Yup, I challenged you to name MSFT products that use AI. You didn't. You gave me more examples of stuff MSFT has co-opted from other areas, which has then been labled as 'new' and 'groundbreaking'.
Which reminds me, I remember reading how the Office 97 "office assistant" aka Bob (is that a slur? What's the paper clip guy's name?) was supposed to be AI, because you could type your question in and it'd find an answer. Turns out, near as I can tell, it's just a keyword search. I kept typing in these rude things about Bill, and Bob kept saying, "Huh?". But, if I typed in "double space", it'd find something resonable. I mean, it was pretty good and everything, but AI? "Open the drive bay door, Bob.".
My other amusing anecdote: I actually installed IE4 today, Active Desktop and all. For once, Microsoft is guilty of understatement. It's not Active Desktop, it's Hyperactive Desktop! That baby needs some Ritalin for sure. Sheesh. I started wildly searching for something to turn it off, but I stumbled on the uninstall thing first, so IE4 didn't stay around for long. Maybe it was Prodigy's fault, it was their cd.

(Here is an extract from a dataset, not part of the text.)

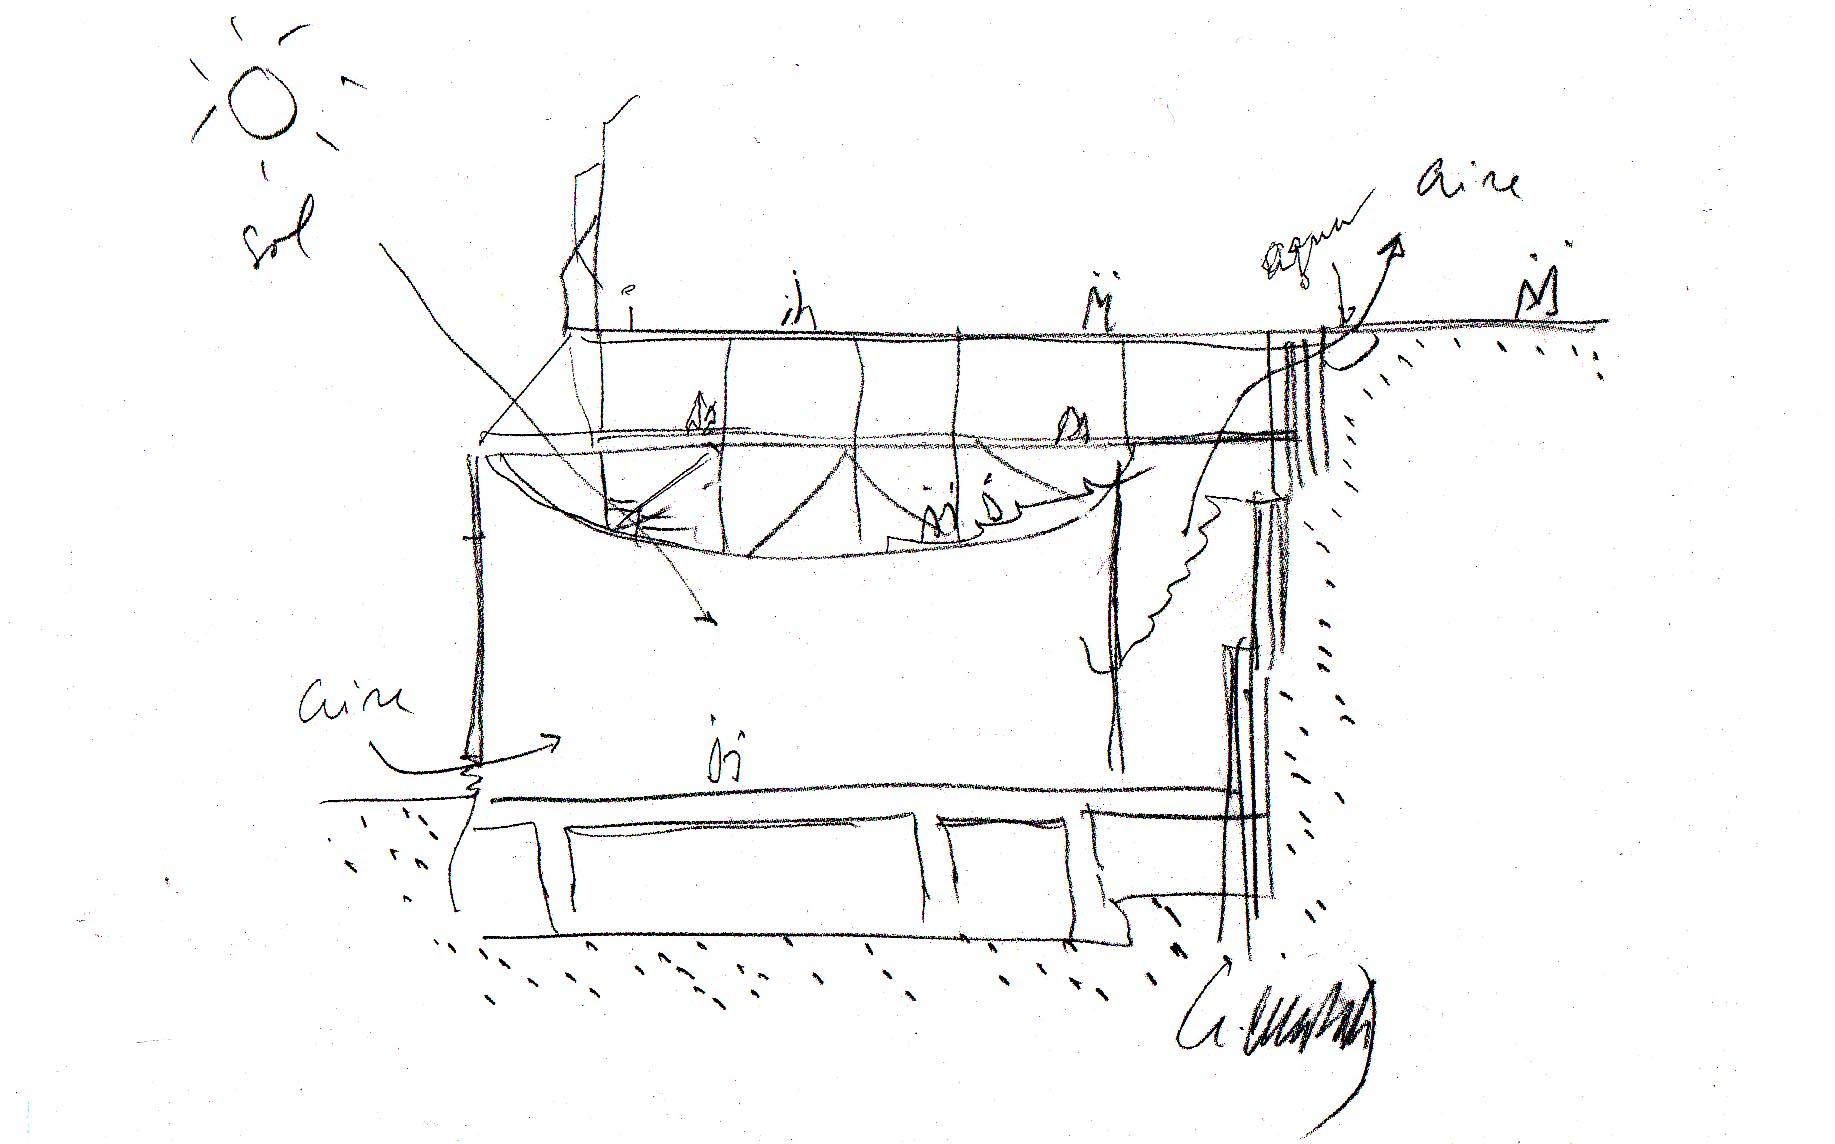 Eduardo chillida bailar sobre arquitectura for Oficina abierta definicion

Of course, paranoid as I am I did this on my other computer that's not hooked up to the internet. I notice that my directory windows have been upgraded with some scrolling thingy in the task bar, I don't know what other upgrades have been bestowed on me. But, I've decided that I've been way too lax about the approved Windows Maintainace schedule anyway, reformat, reinstall is almost second nature now. As I got lots of drive space now with most of my old junk still on tape, I may do some experiments to see who puts what on c:\windows. Does anybody have a handy, non-reverential ref to what the twisty maze of dll's means?